It’s World Hunger Day this Saturday – a day which immediately brings to mind the issues affecting the global south and the campaigns set up to address them. However, while world hunger must be alleviated by concerted effort from worldwide grassroots movements working in solidarity to end unjust food distribution, there are some things we can do now to address hunger in our own backyard. Currently 1/5 people live below the poverty line in Britain, while some have literally starved to death after having their benefits cut. 

Women, black and ethnic minority groups are particularly vulnerable to government budget cuts. The Vegan Society’s recent Ipsos MORI survey suggested that a large proportion of British vegans are in the lowest income bracket; that there are twice as many vegan women as men; and that nearly a third of vegans are non-white, compared to 13% of the population of Britain. This is an issue that the media doesn’t address: many vegans are struggling to get by financially, which is made harder when you can’t make a pit stop at the only fast food outlet open in your area for a 99p burger after back to back night shifts.

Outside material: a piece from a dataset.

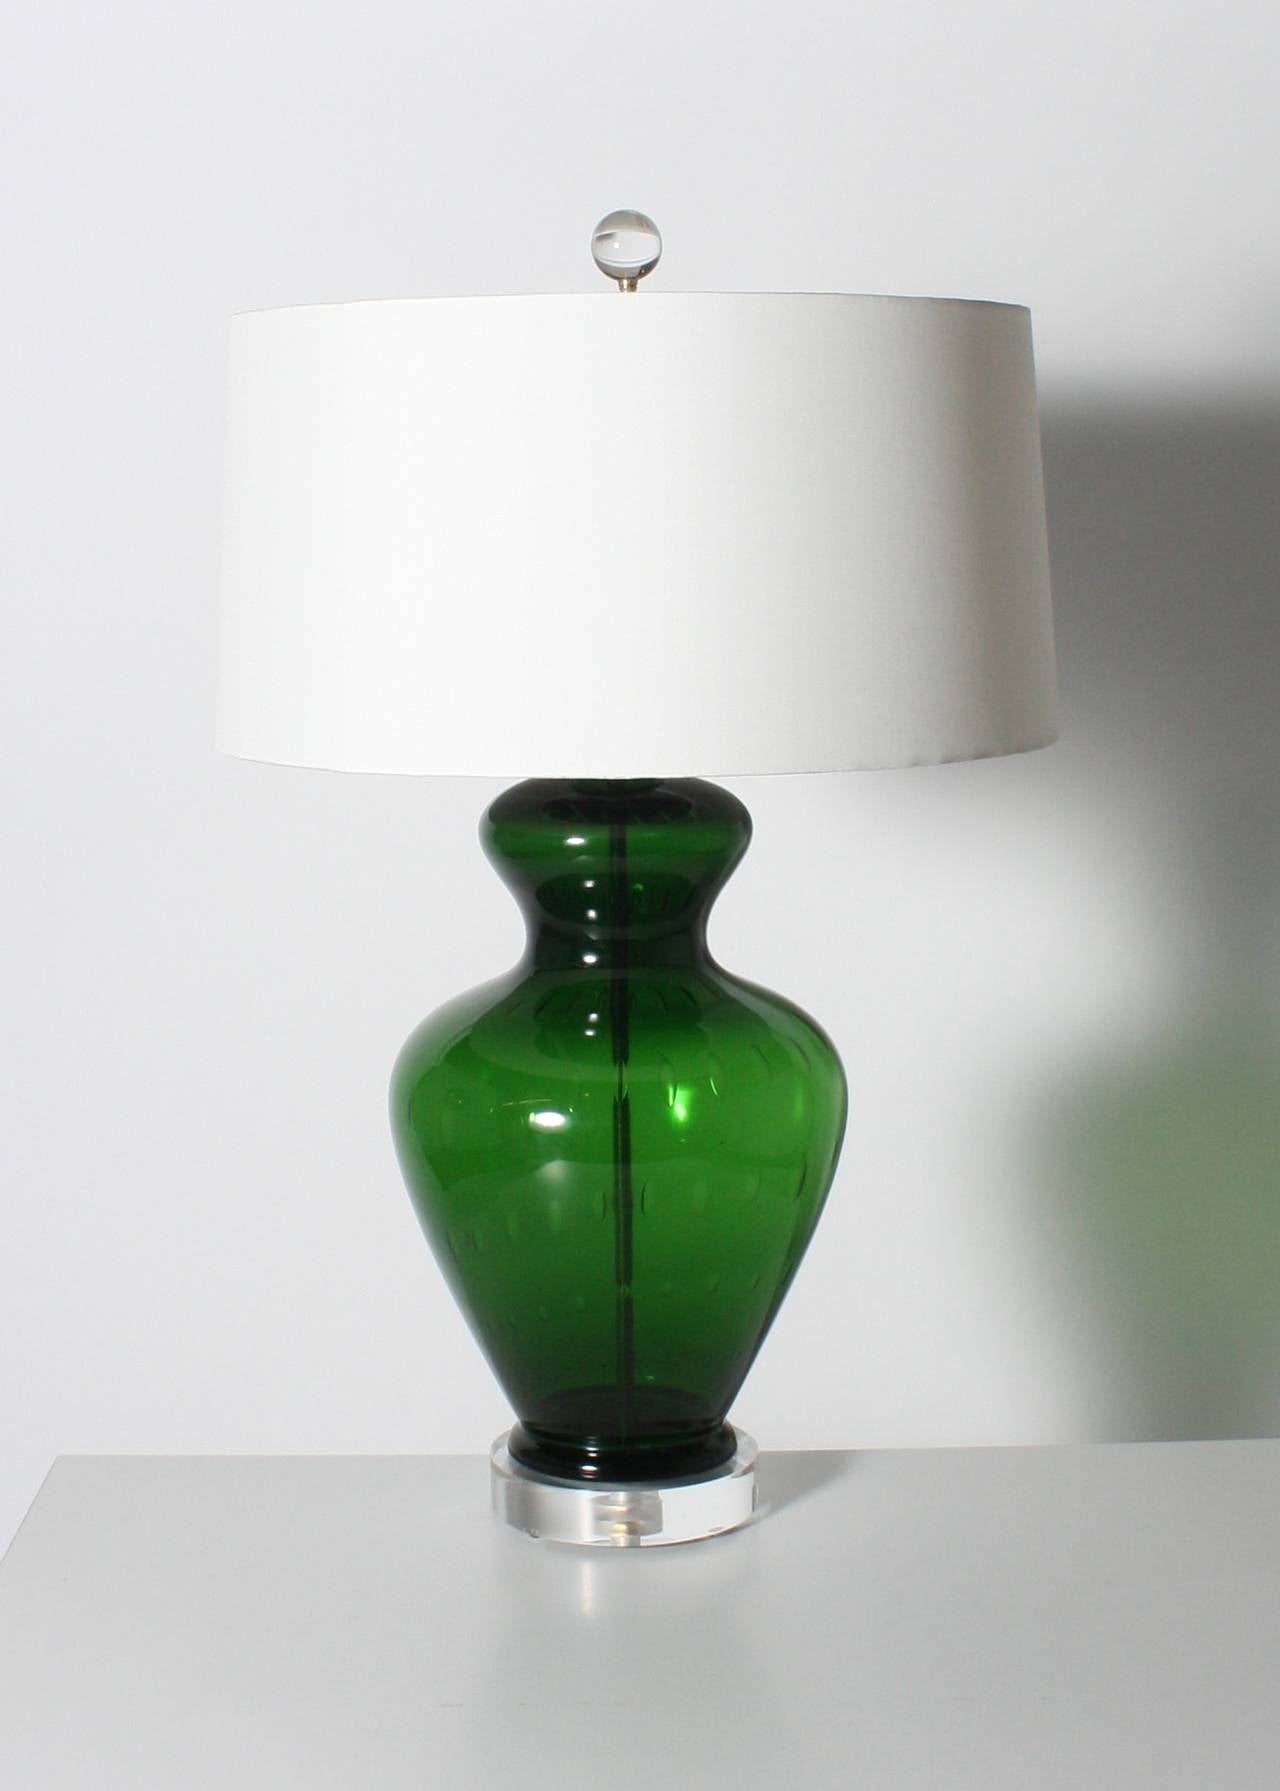 Pair of green Barovier lamps with large bullicante inclusions. Linen shades rolled with no bias. Three-way socket, 50/100/150 watt. Brass hardware. Lucite base. Crystal ball finial. Gold twisted cording.

The definition of veganism includes avoiding the exploitation of animals as far as is possible and practical, and for some it may not be possible or practical to always eat vegan food. Accepting non-vegan products or dumpster diving is often the only way to get by. You can imagine that this may cause distress for vegans in difficult situations, as it would have done for the middle aged man I met at a vegan festival who was currently homeless. He was adamant to stick to a vegan diet, and we all sent him off with bags full of vegan goodies that day. However, Ten Acre crisps and Goody Good Stuff sweets are not what we should be living off, tasty as they may be. When you’re poor, you may not be as able to take care of yourself as well as you may want to, whether you’re vegan or not.

Being vegan though, you do have to watch your Vitamin B12 intake, and you may not have good access to fortified foods. Remember, there is the possibility of receiving free B12 shots from the NHS. Other than this, we’re fortunate in the fact that the cheapest and most nutritious foods are plant-based, hence why many of the poorest people around the world eat vegan. Check out our tips on how to do so, as well as these other resources.

How to help 

If you’re not struggling financially, there are many ways you can help. Food banks are an important resource for people in need, though there is a dearth of specifically vegan products such as B12 fortified soy milk, fortified nutritional yeast, fortified cereal, etc. As well as supplying your local food bank with these items, look at bringing in filling vegetable soups, curries and chilis in cans. Take in nuts and dried figs for calcium and selenium, rapeseed oil, walnuts and ground flaxseed for omega-3 and seaweed for iodine

If you know that there are many vegans struggling in your area it may be worth setting up a vegan food bank yourself, in order to target those who need these particular foods the most. Another way would be to set up a non-profit food co-op so you can bulk order from places such as Suma, then sell these to vegans at the reduced prices. 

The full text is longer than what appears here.